Frank Hamer Artist Potter Fish Plates The Potter's Dictionary South West Wales Fountain Fine Art Llandeilo
I design and make press-moulded plates with fish for imagery. The plates incorporate ceramics with my interests in drawing and decoration. They should be read on four levels: as plates; as overall decorative objects; as specific imagery and, very importantly to me, as ceramic happenings. I like to see the thickness of glaze as it flows over the channels of sgraffito work, as it enlivens the coloured slips and fuses with the various added areas of pigment.
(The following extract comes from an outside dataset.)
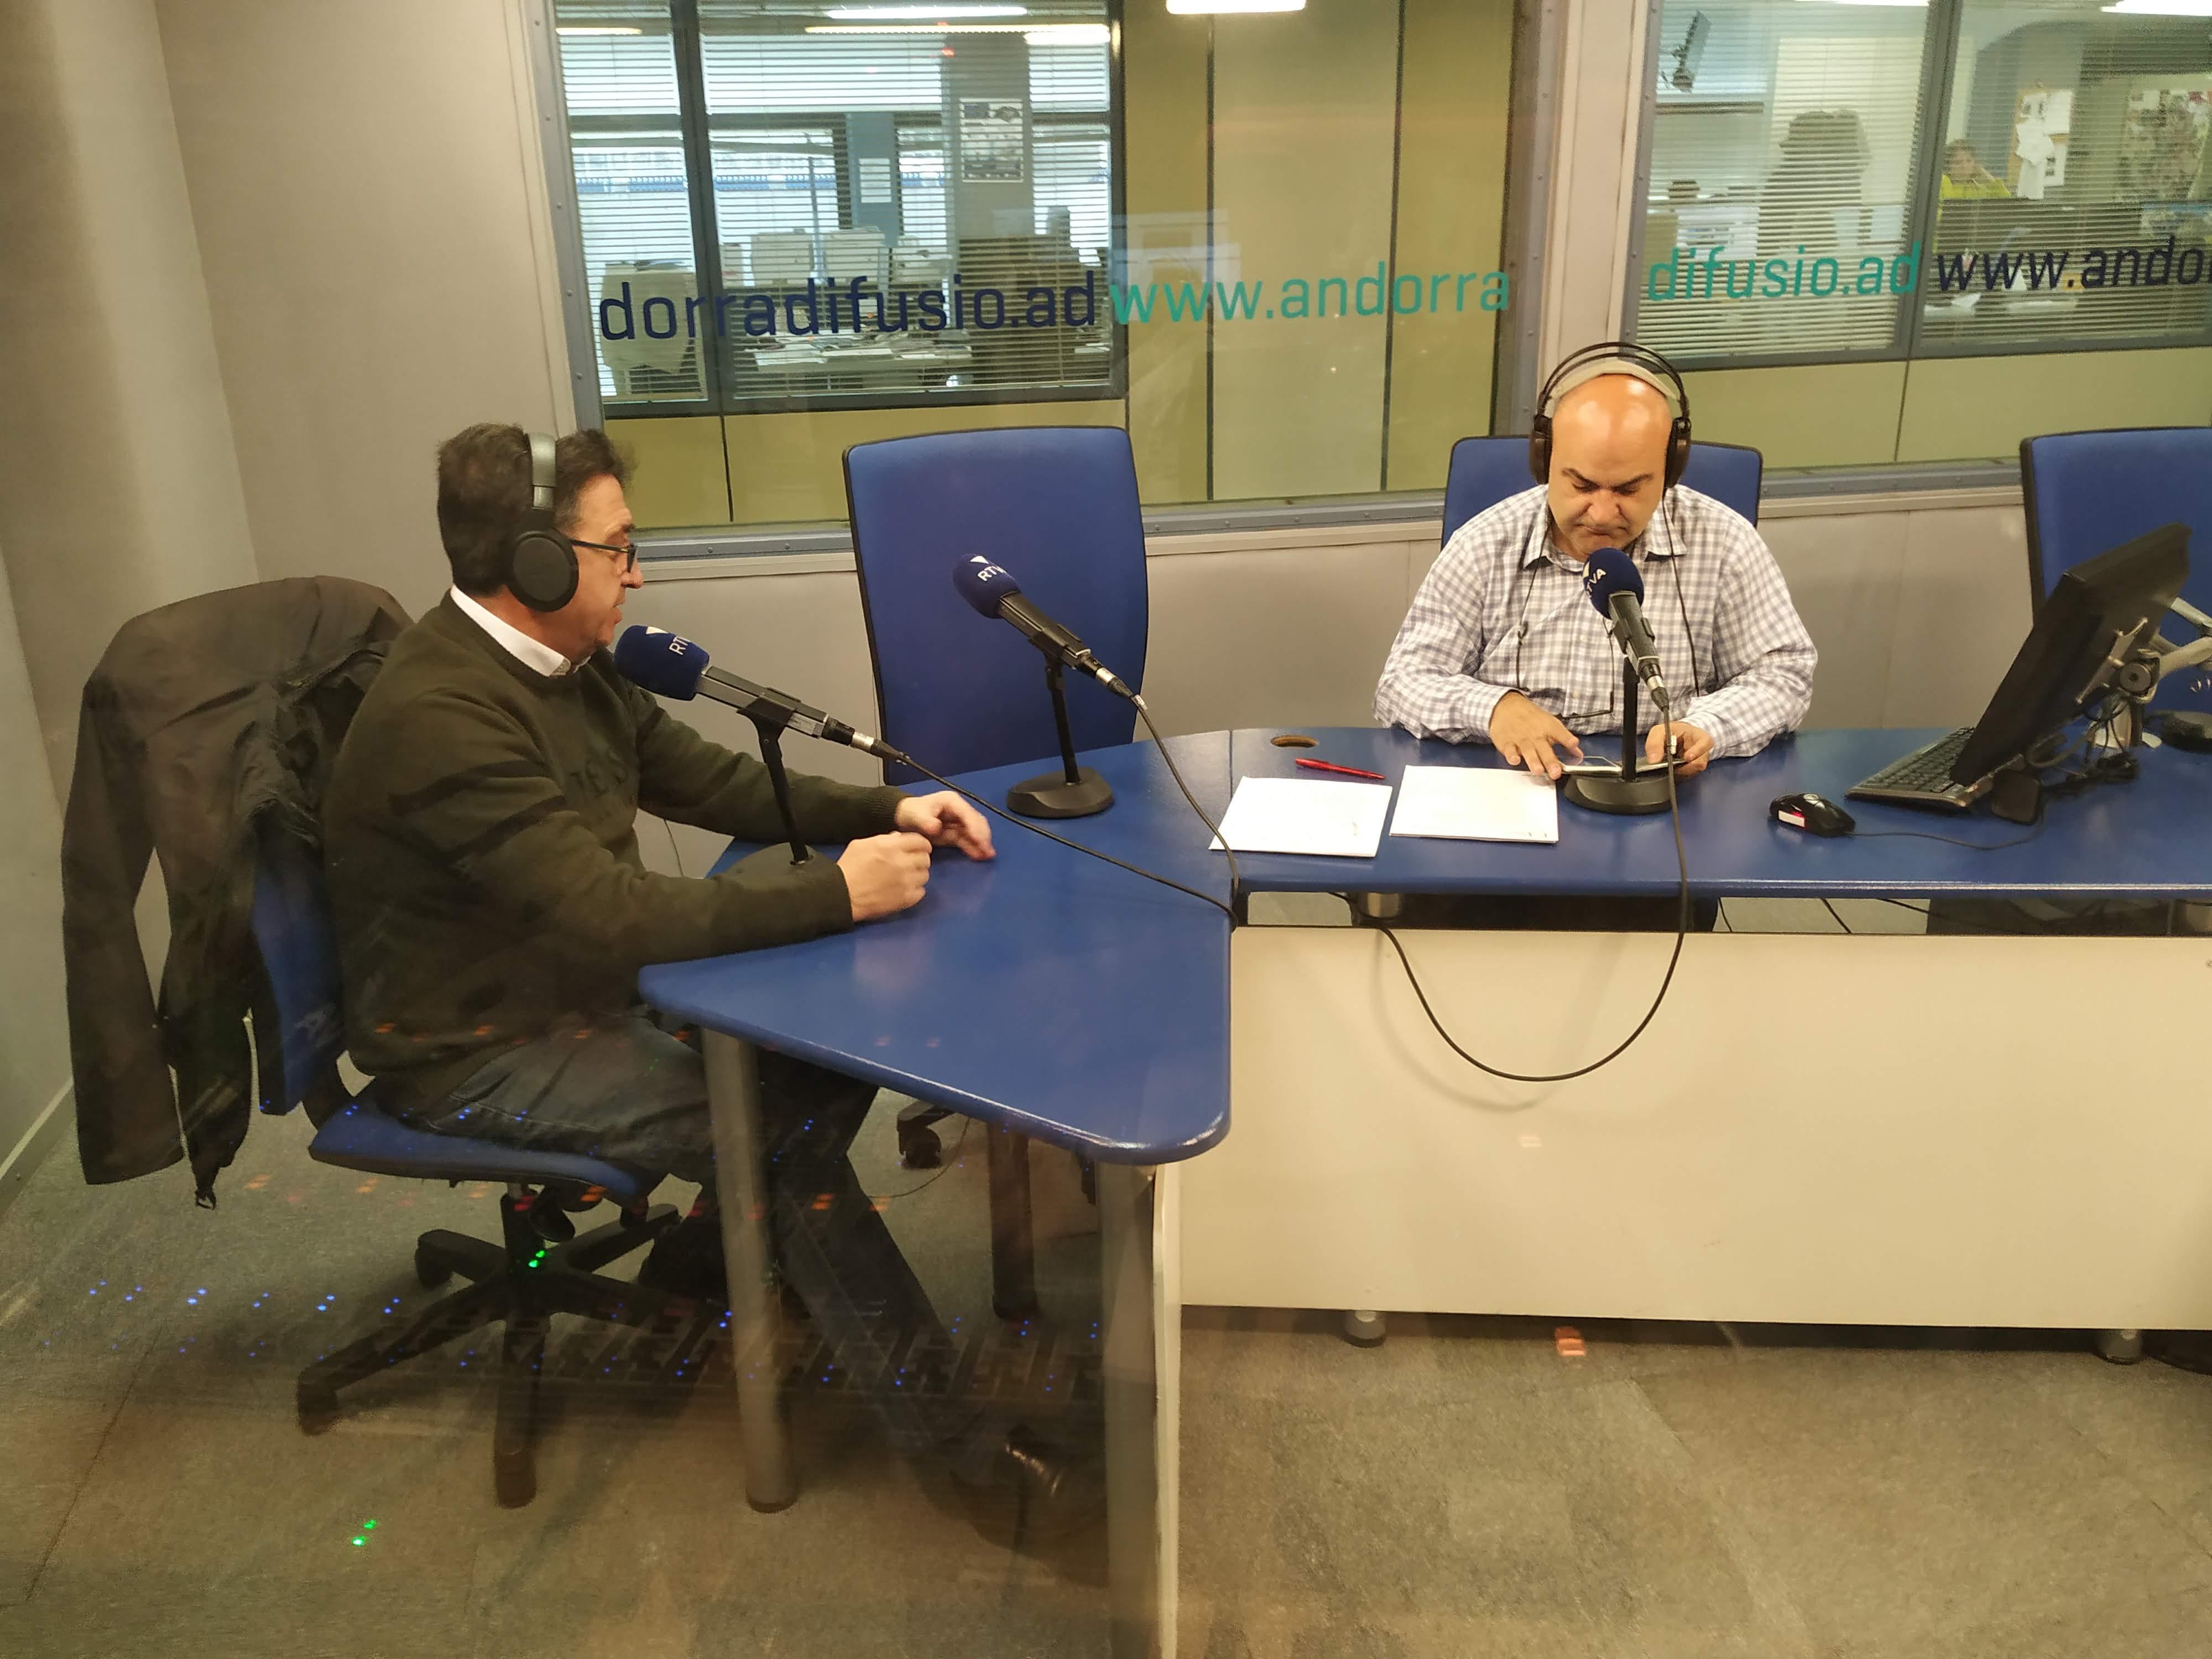 Tertúlia amb Josep Maria Cucalón i Andoni Azurmendi 18 de febrer del 2020

I believe that ceramics should speak with the vocabulary of clay, glaze and colour strongly affected by fire.
I draw the fish on newspaper and cut them out to provide me with distinctive flat shapes. I use these to resist coloured slips to create the decoration. Some plates have as many as ten layers of slip brushed on to them and have other pigments applied before being glazed and reduction-fired to stoneware at 1250 °C.
Fish can curve their bodies from side to side even to the point of nose to tail but have very restricted movement in flexing up and down as seen in a side view. Artists have always taken liberties with this up and down curve to give the impression of a swimming movement. I follow this precedent and I also accentuate the proportions of a fish and emphasise its detail to establish its character. The eyes, especially, are humanised, an anthropomorphic device used 300 years ago in the Middle East. Fish plates have their pedigree!